Bridgend’s Collective Madness at Fantasia

Bridgend Bridgend

The town of Bridgend, Wales has a problem. Its teenagers keep committing suicide. Leaving no note, both boys and girls are found dead by their parents. No one knows the cause: murder, insanity, psychosis, mass hysteria, vengeance, depression. Sadly, this is not a fiction — 79 kids have committed suicide in the town between 2007 and 2012. This tragic situation is the inspiration behind the movie Bridgend (dir Jeppe Ronde).

 

The creepy film titled after the town follows Sara (Hannah Murray) who returns to the town she left as a child along with her single father Dave (Steven Waddington). As the local police officer, Dave spends his days investigating the suicides, trying to figure out their cause by collecting information from every avenue available. Sara makes fast friends with the suicide bunch and quickly transforms from a doting daughter into another one of the morbid local teens. Sara begins a relationship with one teen in particular, Jamie, who draws her ever deeper into the mire. Dave strives to save Sara from their clutches.

The film shows adolescents as wild, untamed creatures with an animal-like unpredictability. They answer to no authority, hating parents, teachers, and priests. Not that the adults are remotely adept at speaking to the adolescents. Every act drives a wedge between the two groups. They take to the forest, where they howl at the memorials of their deceased friends, engage in deadly tests of bravery, and swim in a swampy looking lake in emulation of dead floating bodies.

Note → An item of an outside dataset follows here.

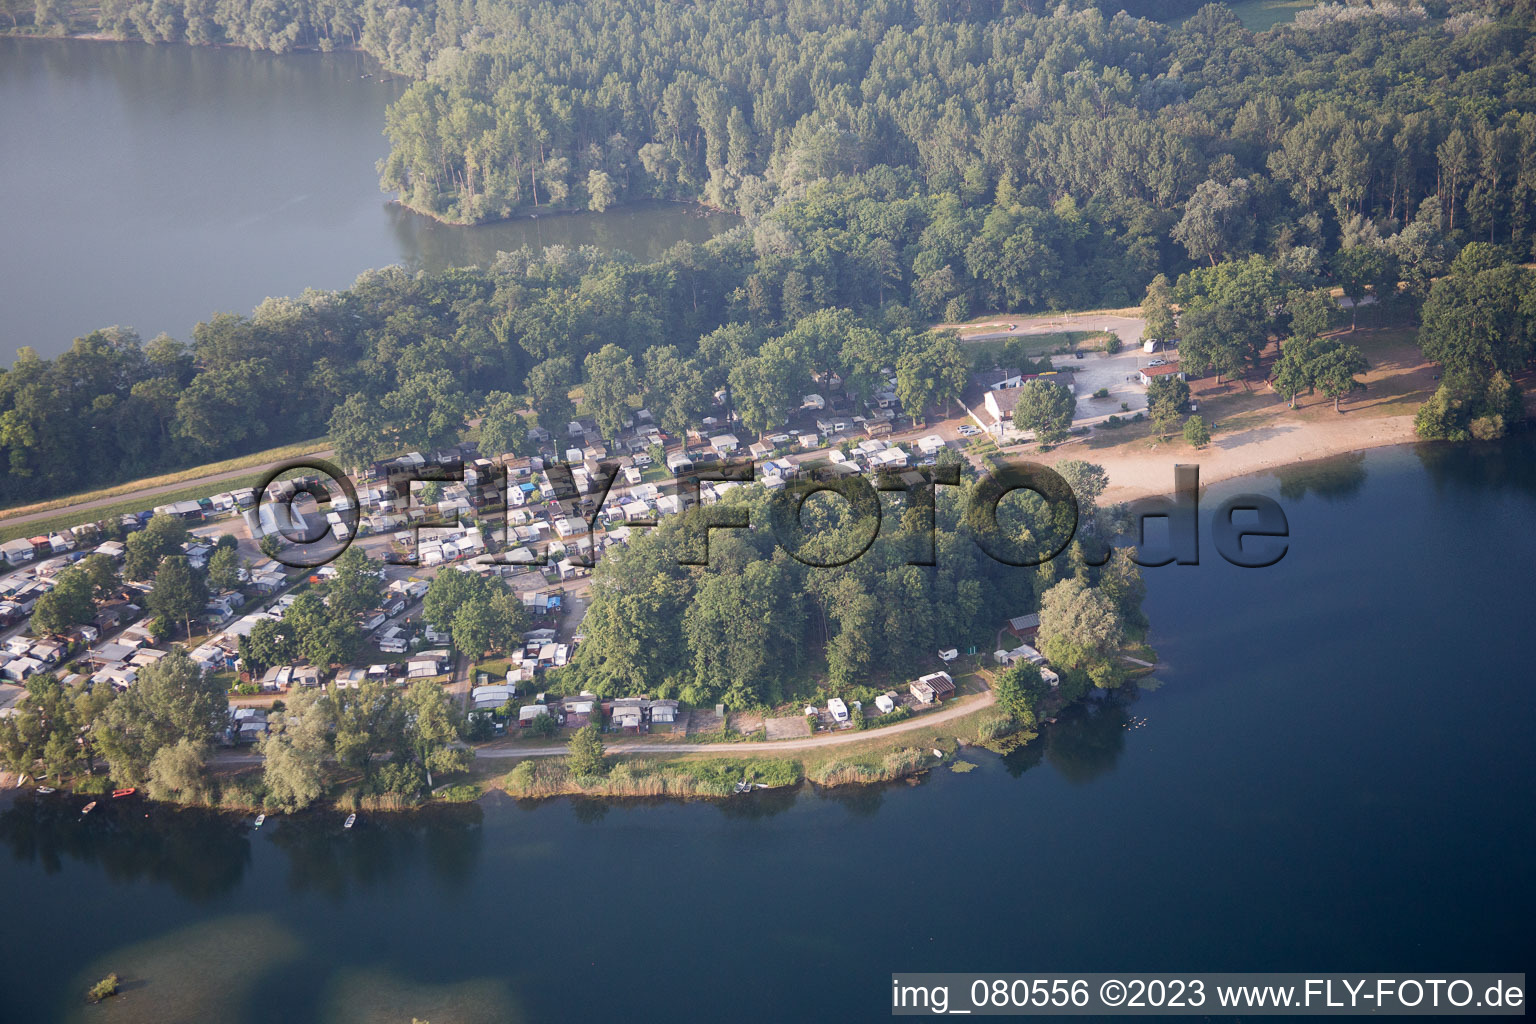 Luftbild von Campingplatz Lingenfeld im Bundesland Rheinland-Pfalz, Deutschland

Their violence towards each other is equally horrific. When anyone wants to leave the town, he is outcast and beaten. Sex acts are misunderstood, becoming a kind of rape. In fact, there are no couples, but a collective sharing of bodies, as if to say they are all part of one organism. In lieu of church religion, they share a belief that the deceased all go together and take care of each other.

Their unusual behavior toes a line between possession and collective madness, reminiscent of Lord of the Flies. Through Sara, we see how it is also irresistible. Sara at first keeps apart from the group, maintaining independence, but their allure is too great. She soon becomes as defiant as her peers, snarling, amoral. When her father tries to send her to a riding school outside of town, she responds by frightening her horse so it runs away. The only thing that might differentiate her strongly from the others seems to be the deep affection she develops for Jamie.

Bridgend has a haunting ambiance, beautifully captured by the old growth forests, grim protestant architecture, and depopulated emptiness. There are misty shots of rail tracks that lead nowhere. Since the film never answers the cause of the suicides or the unusual behavior, everything comes off threatening and demonic.

Although the film has a fascinating premise, it loses steam. It makes no pretense of being a documentary, which would have an inappropriate avenue considering the immediacy of the event. It also doesn’t entirely come together as fiction either. The senselessness of the violence and the suicides themselves, as well as the switch from Sara’s perspective to that of her father’s, doesn’t serve the story. The film evokes unease and explores a dark side to human nature, but ultimately, it’s horror without cause and without humour.